Low Impedance: Handles vegetation touching the wire without losing much power. Good for areas where grass might grow up into the fence.

Solid-State: Reliable and consistent. The traditional choice.

Battery/Solar: For locations without easy access to power. Solar chargers are popular for remote pastures.

One important note: if you’re fencing in a bull, you need 3,000 to 4,000 volts minimum. Bulls will test a fence that wouldn’t even slow down a cow. Don’t cheap out on the charger if you’re keeping a bull.

Barbed Wire

Here’s the thing about barbed wire: don’t use it. It’s no longer recommended for cattle. Those barbs can cause serious cuts, and cuts lead to infections, and infections can kill an animal. The risk isn’t worth the savings. Use one of the other options.

Making the Choice

Your shelter and fencing decisions come down to three things: what type of cattle you’re raising, how much you can spend upfront, and how much ongoing work you want to do.

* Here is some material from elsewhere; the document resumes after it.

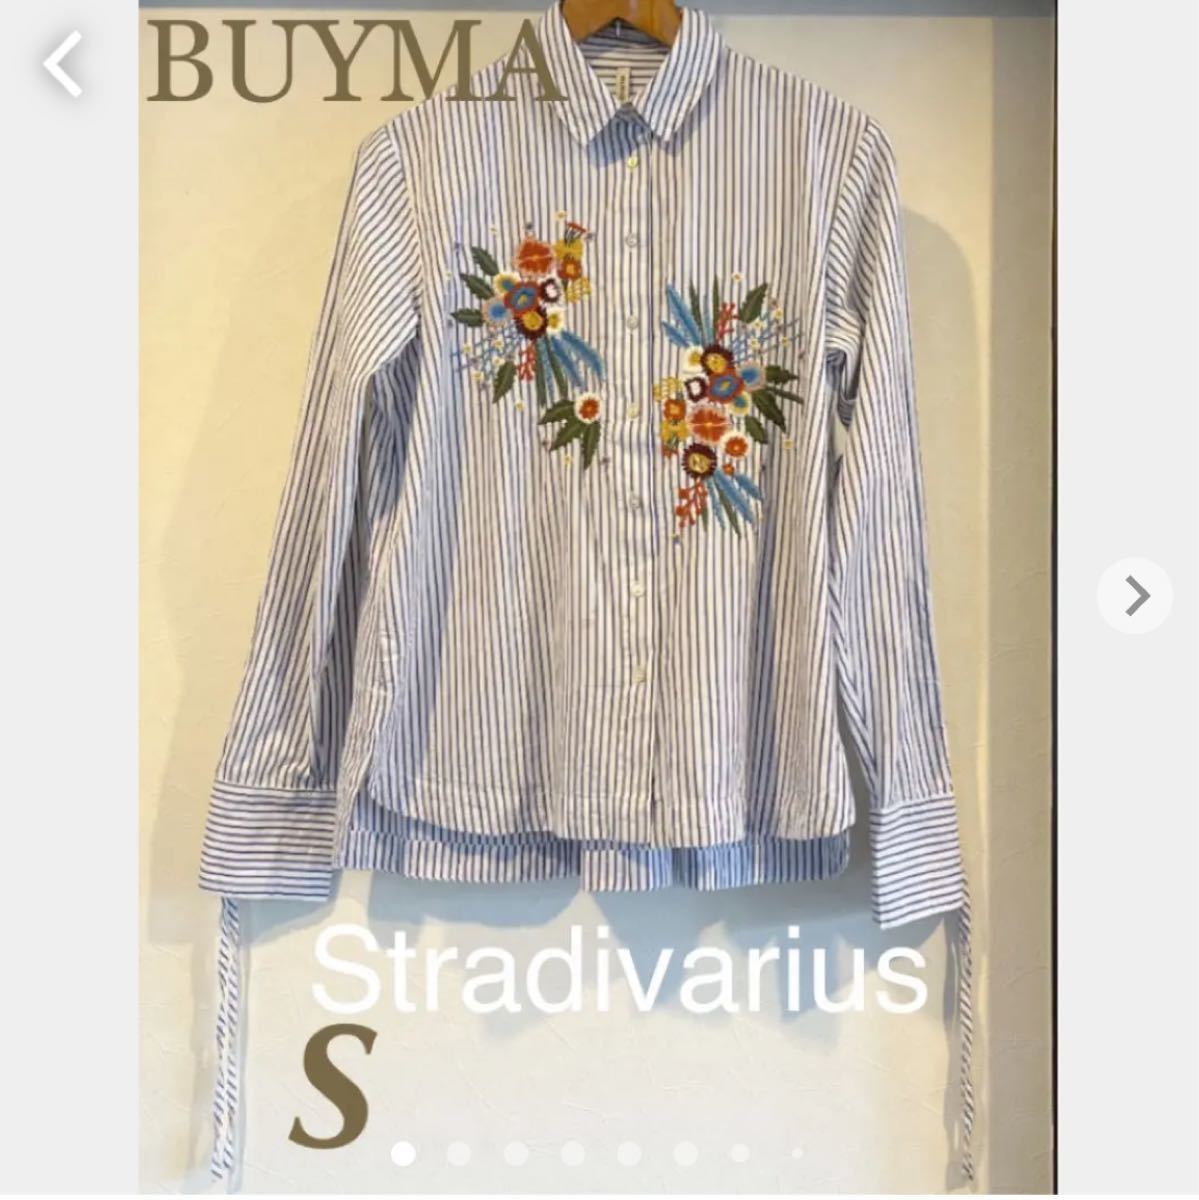 【BUYMA】Stradivariusビッグ刺繍ストライプブラウス

Beef cattle need less shelter but still need good fencing. Dairy cattle need more shelter and infrastructure. And whatever you build, build it right the first time. Fixing a collapsed shelter or replacing bad fencing costs more than doing it properly from the start.


This post is part of a series retelling and reviewing Backyard Farming: Raising Cattle by Kim Pezza (ISBN: 978-1-57826-495-7).